If the `\w` character set is used inside a nested negated character class, it will not be picked up by the part of the character class analyzer that's responsible for limiting the case-folding of certain character sets (like `\w` and `\W`) across the ASCII boundary. We then end up with the situation where `/[^\w]/iu` and `/[[^\w]]/iu` match different sets of characters.

```
irb(main):001:0> ("a".."z").to_a.join.scan(/\W/iu)
=> []
irb(main):002:0> ("a".."z").to_a.join.scan(/[^\w]/iu)
=> []
irb(main):003:0> ("a".."z").to_a.join.scan(/[[^\w]]/iu)
=> ["k", "s"]
```

This can also be demonstrated using the inverted matcher:

```
irb(main):004:0> ("a".."z").to_a.join.scan(/\w/iu).length
=> 26
irb(main):005:0> ("a".."z").to_a.join.scan(/[^[^\w]]/iu).length
=> 24
```

A similar issue also arises when using character class intersection. The idea behind the pattern compiler's analysis is that characters are allowed to case-fold across the ASCII boundary only if they are included in the character class by some other means than just being included in `\w` (or in one of several other character sets which have special treatment). Therefore, in the below, `/[\w]/iu` will not match the Kelvin sign `\u212a`, because that would mean crossing the ASCII boundary from `k` to `\u212a`. However, `/[kx]/iu` will match the Kelvin sign, because the `k` was not contributed by `\w` and therefore is not subject to the ASCII boundary restriction (we have to use `/[kx]/iu` instead of `/[k]/iu` in our examples, or else the pattern analyzer would replace `[k]` with `k` and follow a different code path).

```
irb(main):006:0> /[\w]/iu.match("\u212a")
=> nil
irb(main):007:0> /[kx]/iu.match("\u212a")
=> #<MatchData "">
```

The problem then is when we perform an intersection of these two character sets.
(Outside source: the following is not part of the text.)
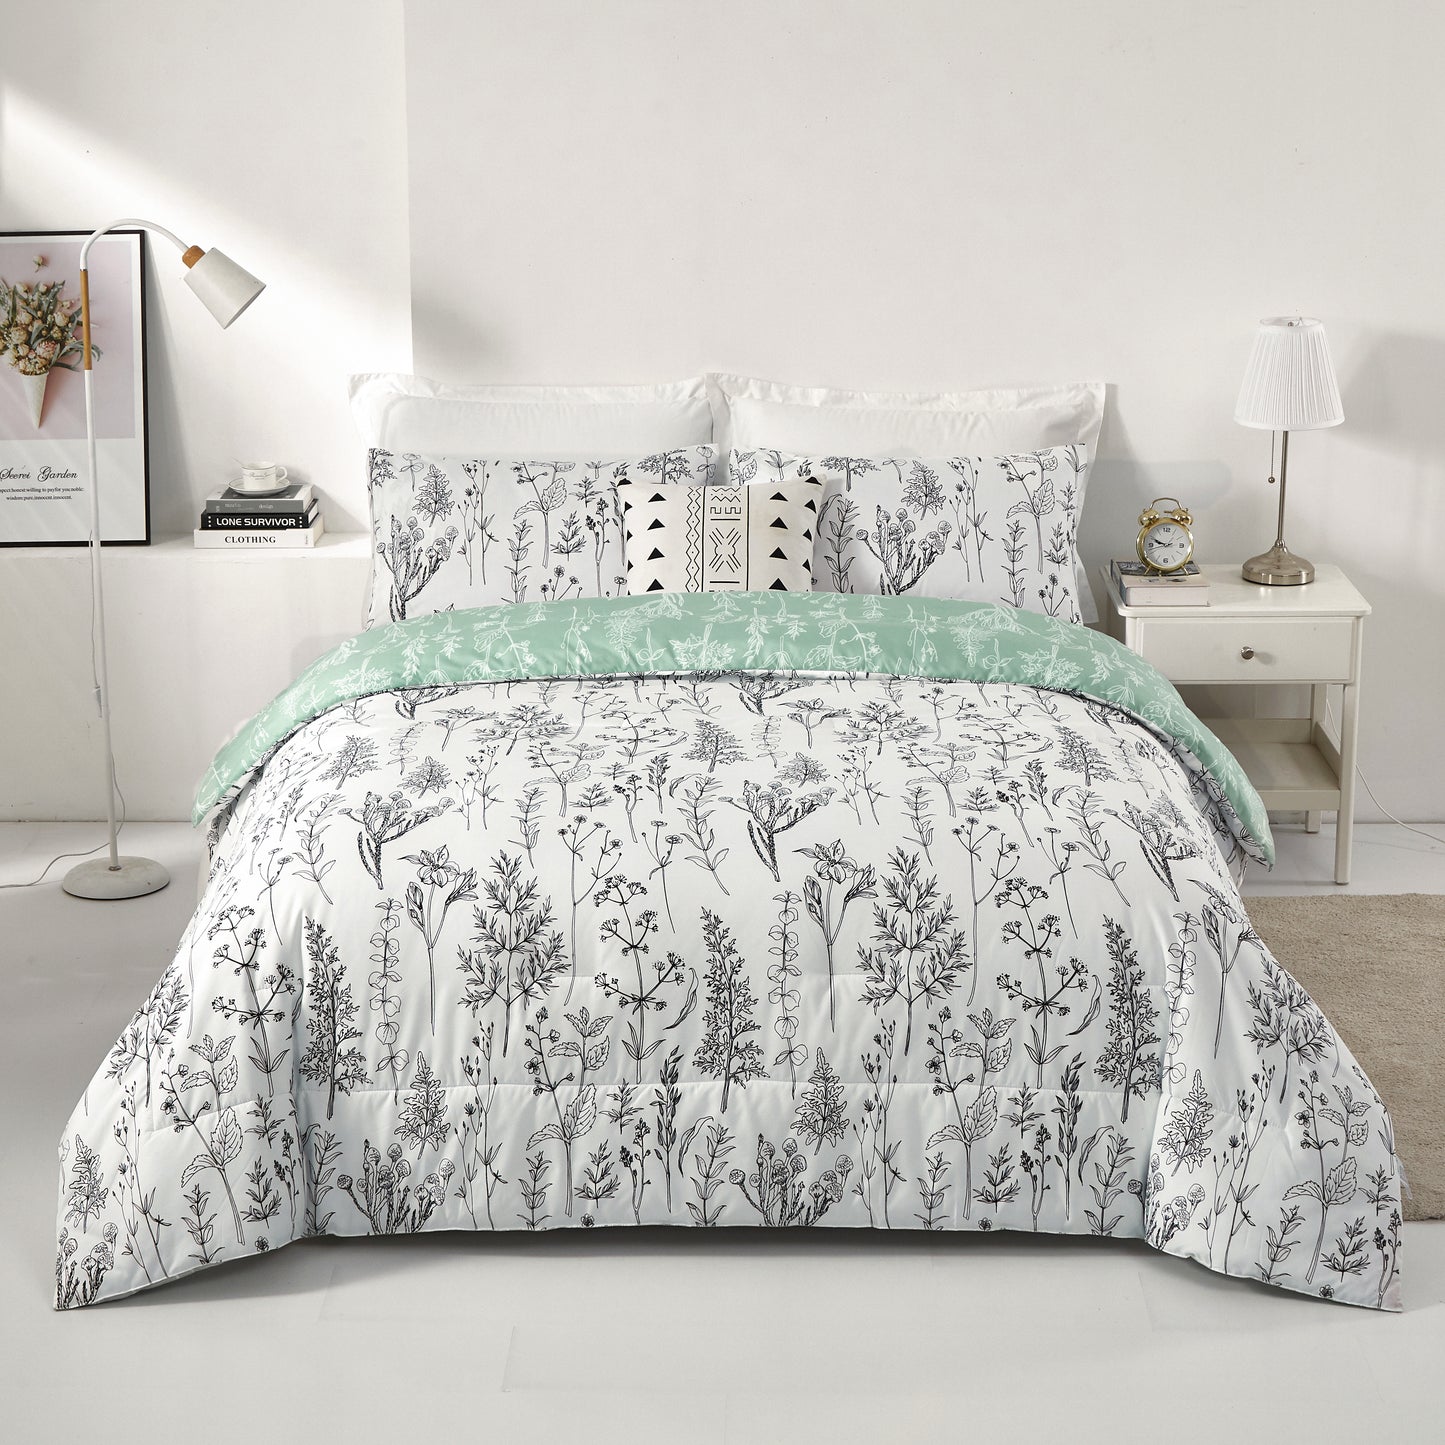 Green and White Reversible Floral Sage Green Comforter Set 3 Pieces Flowers Plants Bed Set with 2 Pillow Shams

Since `[kx]` is a subset of `\w`, we would expect their intersection to behave the same as `[kx]`, but that is not the case.

```
irb(main):008:0> /[\w&&kx]/i.match("\u212a")
=> nil
```

The underlying issue in these cases is the manner in which the `ascCc` character set is computed during the parsing of character classes. The `ascCc` character set should contain all characters of the character class except those which were contributed by `\w` and similar character sets. This is done in a way that these character sets are essentially ignored in the calculation of `ascCc`, which works well for set union and top-most negation (which is handled explicitly), but it doesn't handle nested set negation and set intersection.